Evaluation: The agent's response is parsed for "yes" or "no" using word-boundary regex (get_insurBench_predicted_label) to avoid false positives from substrings like "yesterday".
Task: Classify a movie review as positive or negative (binary sentiment analysis).
Dataset: ACL IMDB movie review dataset (assets/datasets/aclImdb/), sampled to 300 examples.
Skill used: movie-sentiment-analysis — a reasoning chain: identify sentiment cues → analyze modifiers → weight aspects → conclude with a label.
Evaluation: The agent's response is parsed via heuristic rules (get_predicted_label): if only "positive" appears → positive; if only "negative" → negative; if ambiguous, use whichever appears first.
Task: Given a sentence from a financial SEC filing and a target numeric entity, classify the entity into one of 139 XBRL taxonomy tags (e.g., DebtInstrumentFaceAmount, Revenues, Goodwill).
Dataset: Volavion/finer-139-numeric-sampled from Hugging Face Hub — sentences with BIO-tagged financial entities.

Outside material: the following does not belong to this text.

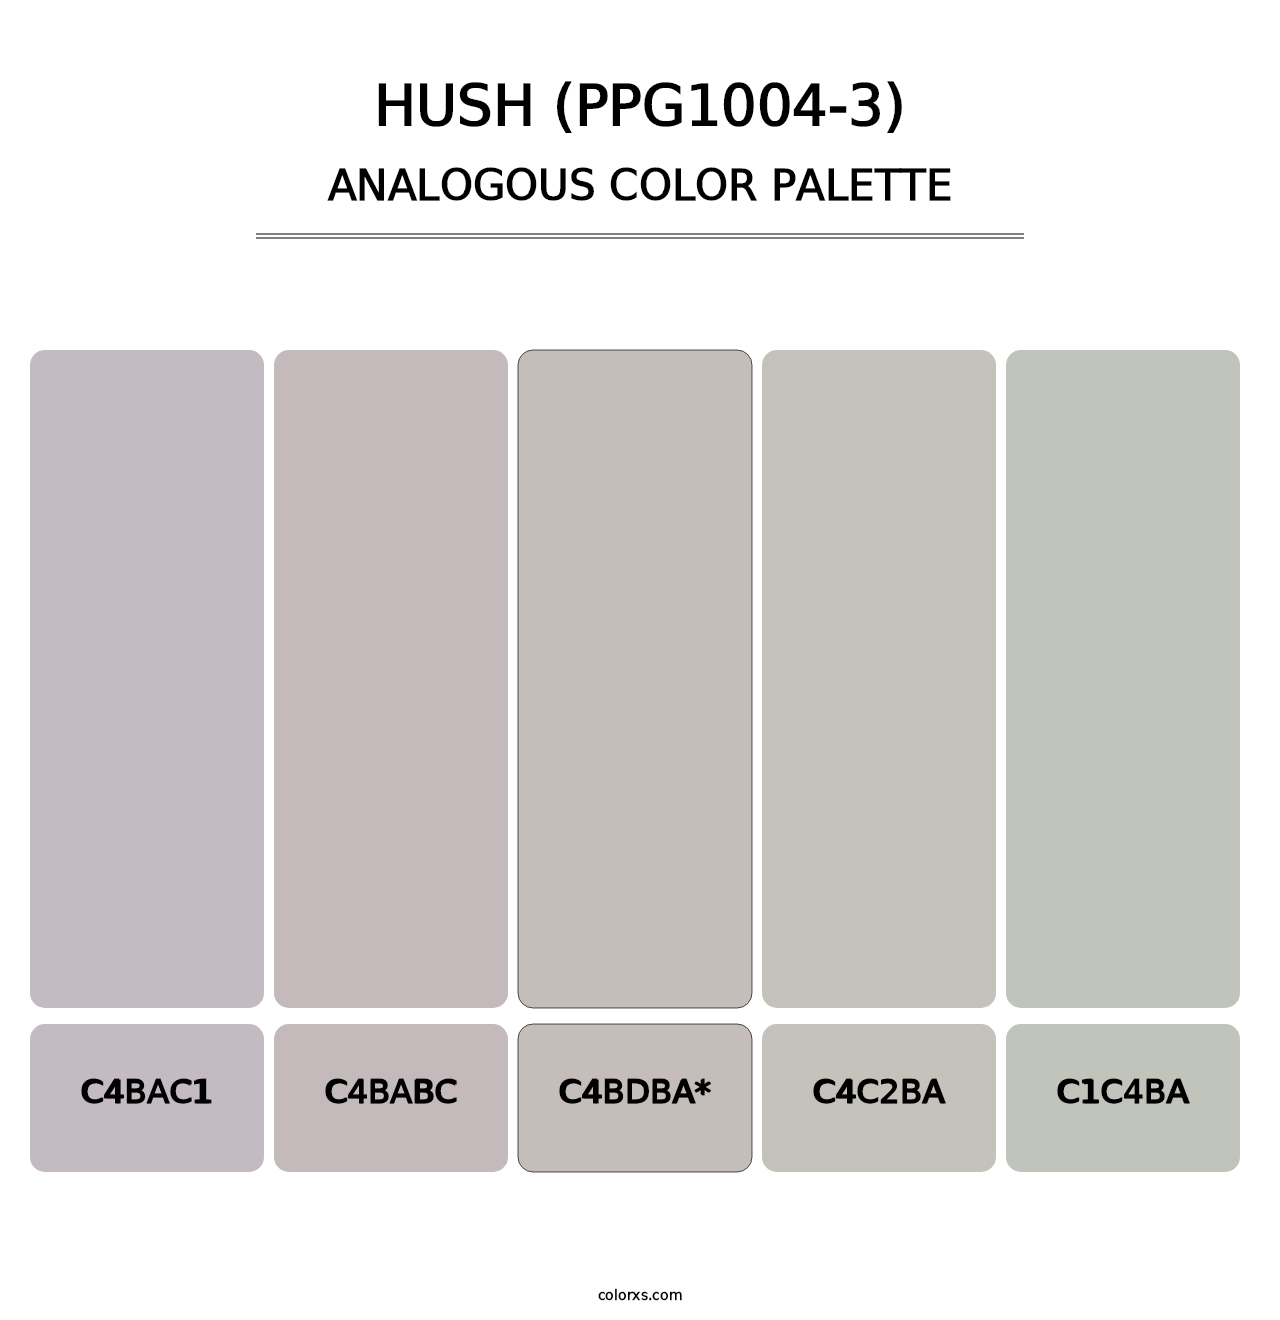 Hush (PPG1004-3) - Analogous Color Palette

Skill used: XBRL-tag-classification — detailed tag definitions organized by category (interest rates, debt amounts, equity, etc.) with disambiguation rules and examples.
Evaluation: The agent's response is matched against all 139 known tags using substring matching (get_prediction_XBRL_TAGS). Both exact and case-insensitive matching are tried, always preferring the longest match to avoid partial hits.